The proposal, Senate Bill 2510, introduced by Senator Lois Kolkhorst, seeks to establish the Temporary Prescribed Burn Manager Self-Insurance Pool, a novel risk management framework intended to provide general liability coverage to certified burn managers. Prescribed burns - controlled fires used to manage vegetation and reduce the threat of wildfires - are a key tool in Texas’s land management strategy but carry inherent risks that have made liability coverage costly and scarce.

Under the bill, the Texas A&M Forest Service would oversee the self-insurance program, consolidating risk management efforts and setting strict eligibility and safety standards for participation. The measure would amend the state’s insurance code, adding a new chapter dedicated solely to the program.

At the heart of the proposal is a state-administered insurance pool, funded through a combination of legislative appropriations (capped at $25 million), fees from participating managers, and interest income. Liability coverage would be limited exclusively to prescribed burns conducted by certified individuals, with exclusions for workers’ compensation, automobile liability, and other professional liabilities.

The Texas A&M Forest Service would set deductibles and premiums with the explicit aim of discouraging minor claims, instead reserving payouts for significant losses. Participation would require not only compliance with rigorous equipment and safety standards but also completion of wildfire suppression training courses designed to ensure coordination with local fire departments in the event of a burn that escapes containment.

Notably, the bill caps the state’s financial liability at the assets contained within the insurance fund, shielding Texas taxpayers from broader exposure.

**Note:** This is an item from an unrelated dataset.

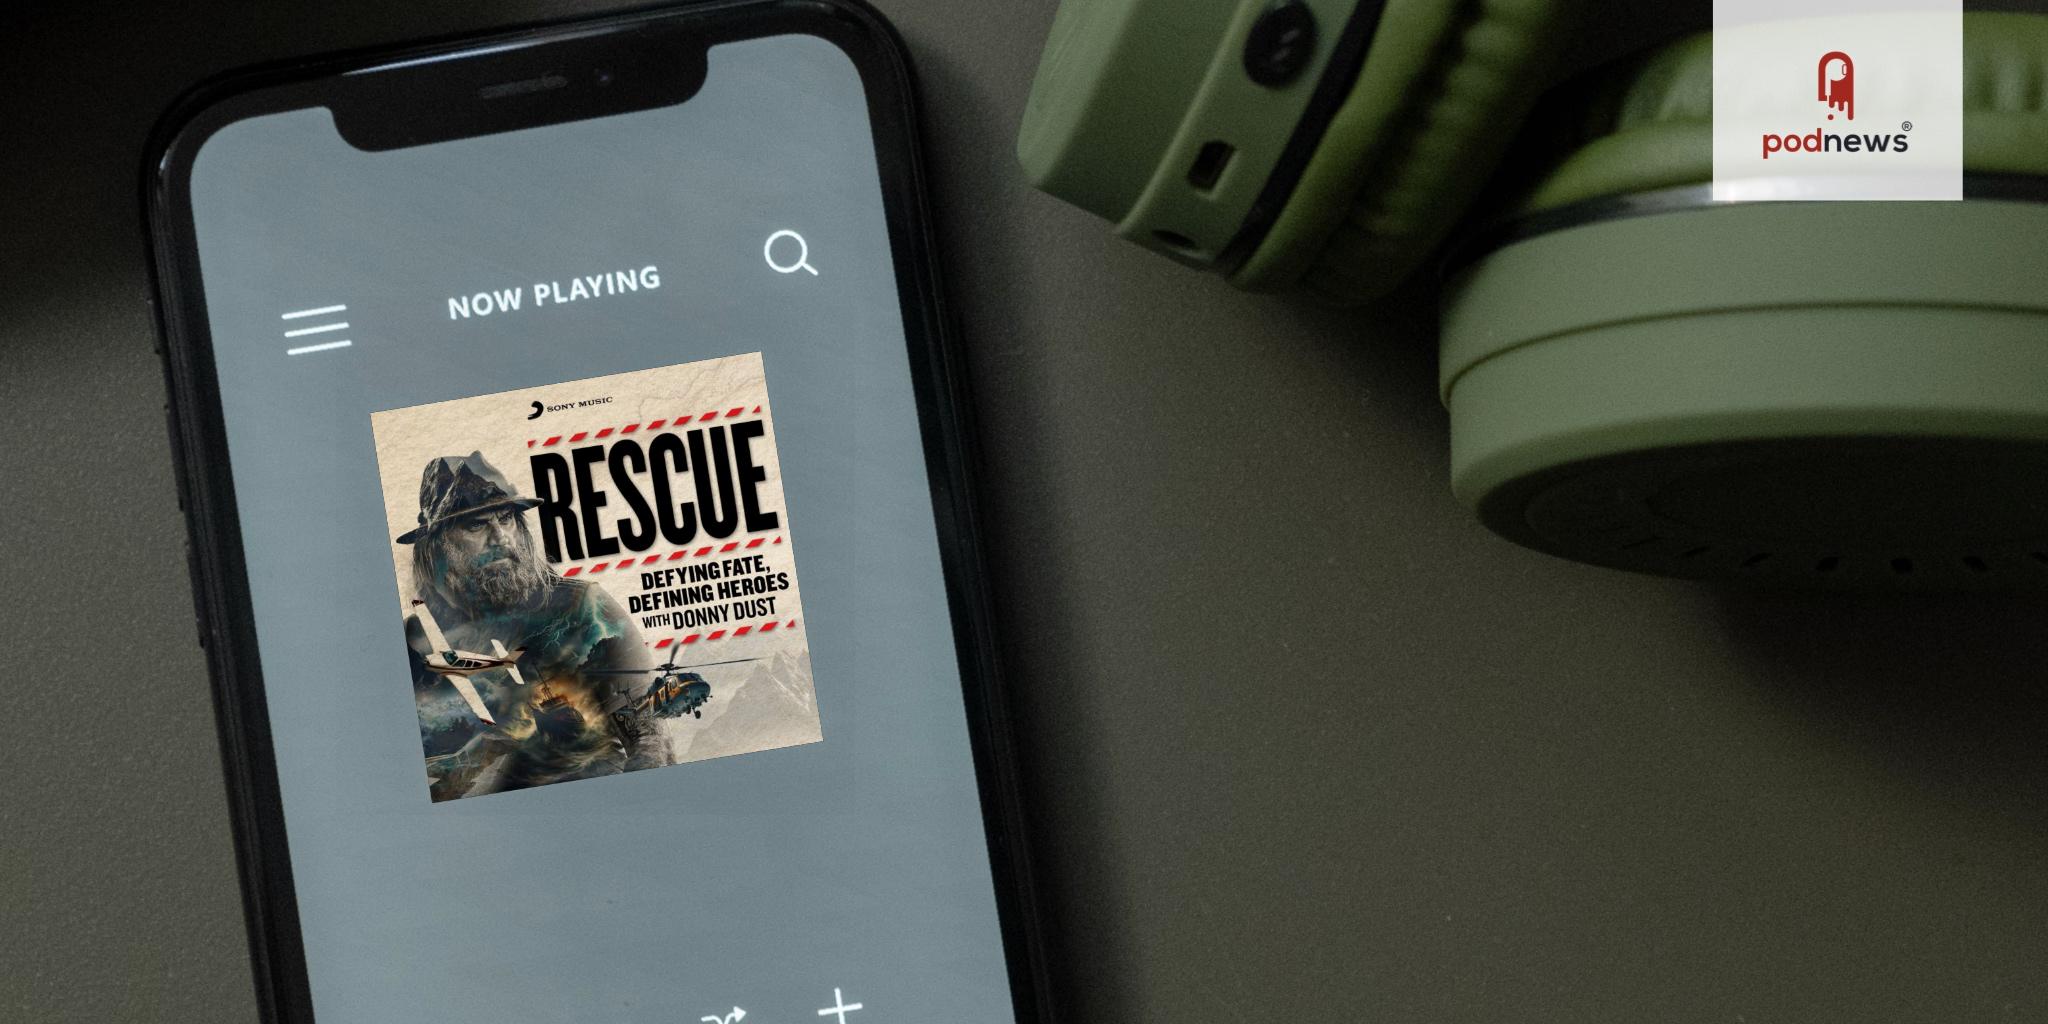 Sony Music Entertainment announces Rescue, a new podcast about the world's most astonishing rescue stories
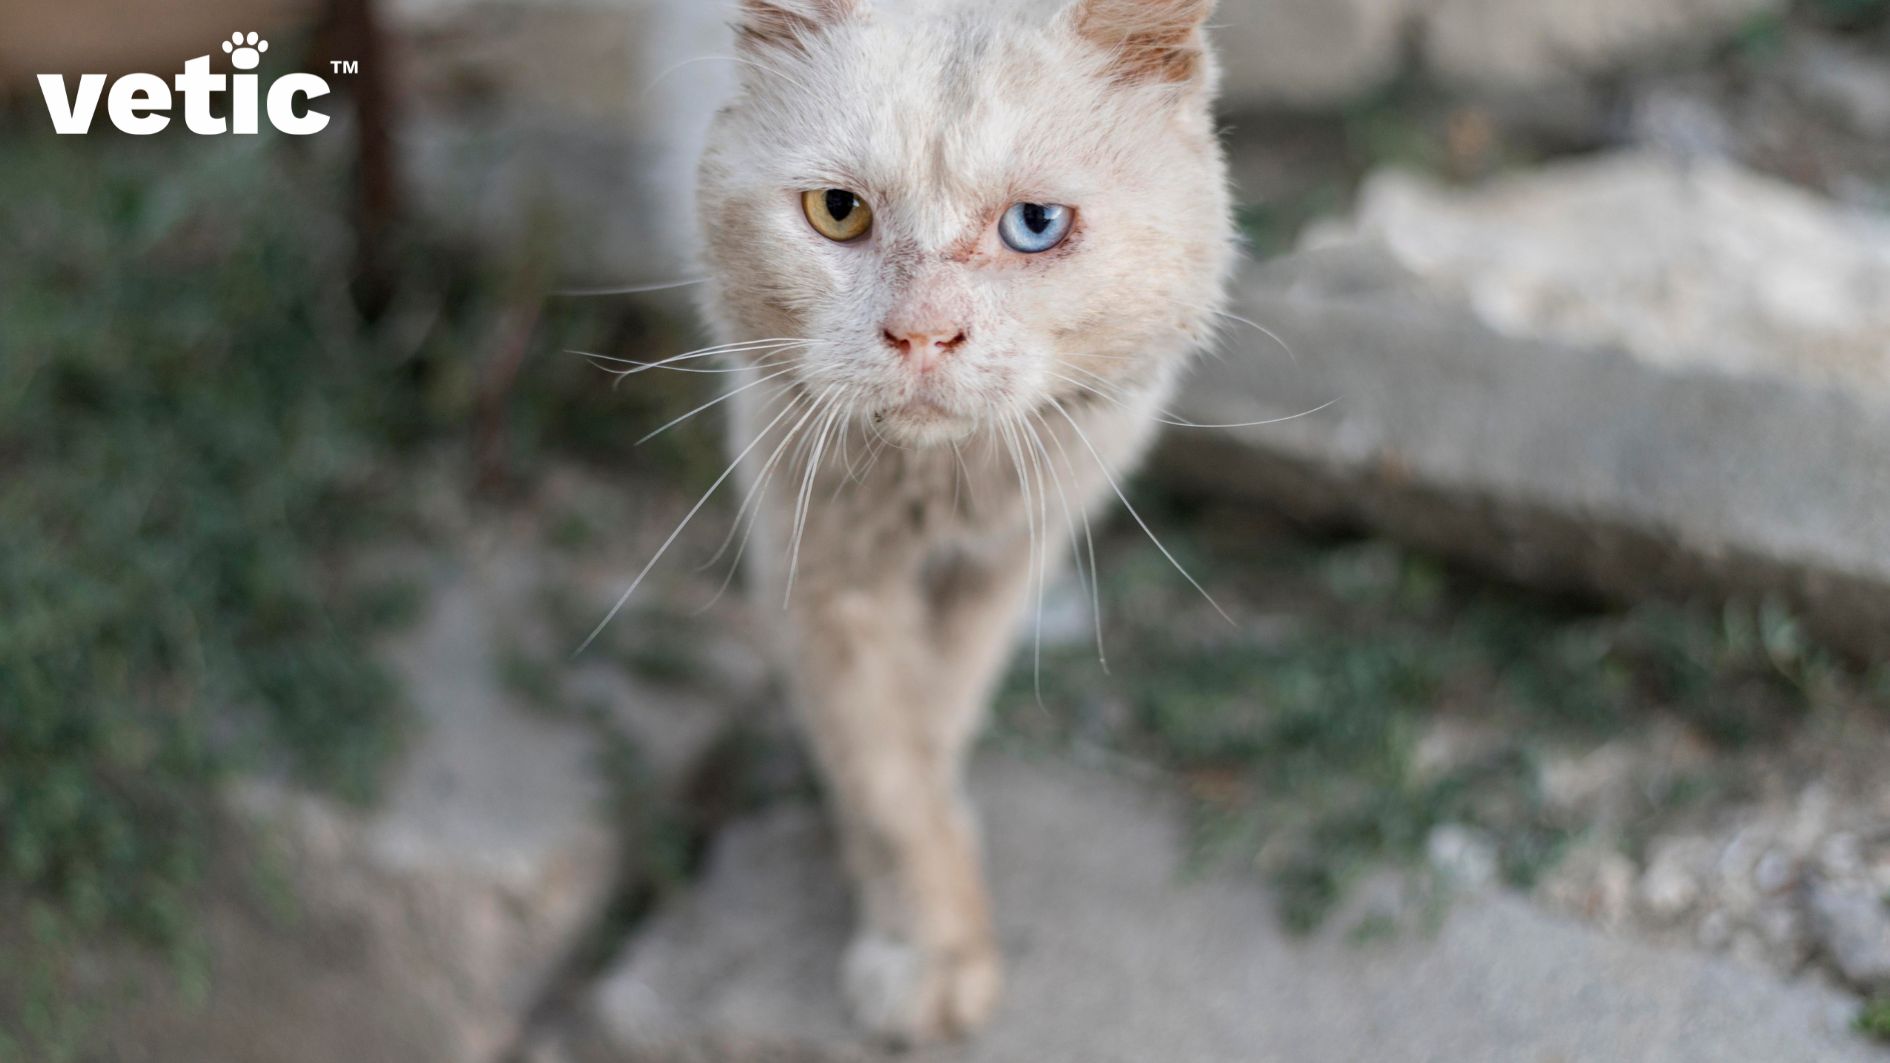 A dirty white cat with just the face in focus and the left front paw visible, looking up at the camera. The cat has heterochromia - two different colored eyes (one blue and one yellow). The cat looks scraggly. Worms in cats can make them look scraggly and malnourished like this white male. Deworming your cat may change the entire fur quality and health of a cat for the better.

Any remaining balance in the fund when the program sunsets in 2040 would be transferred to the state's wildfire contingency account, according to the bill.

The legislation also gives the Forest Service authority to terminate participation for managers who file excessive claims, referring repeat offenders to the Prescribed Burning Board for potential disciplinary action.

For private insurers, the bill represents the introduction of a public-sector competitor in a niche but critical area of liability coverage. Traditionally, coverage options for prescribed burn managers have been limited and often prohibitively expensive. By offering a narrowly tailored, state-supported alternative, the bill could suppress demand for similar private insurance products - though its scope is intentionally confined.

Industry analysts may find the proposal’s emphasis on loss prevention, data-driven premium adjustments, and strict compliance requirements reflective of broader trends in parametric and risk pooling models gaining popularity in various sectors.

With wildfire risk intensifying across the country, Senate Bill 2510 walks a tightrope between regulatory oversight and interfering with the free market – which has had cataclysmic effects in states like California.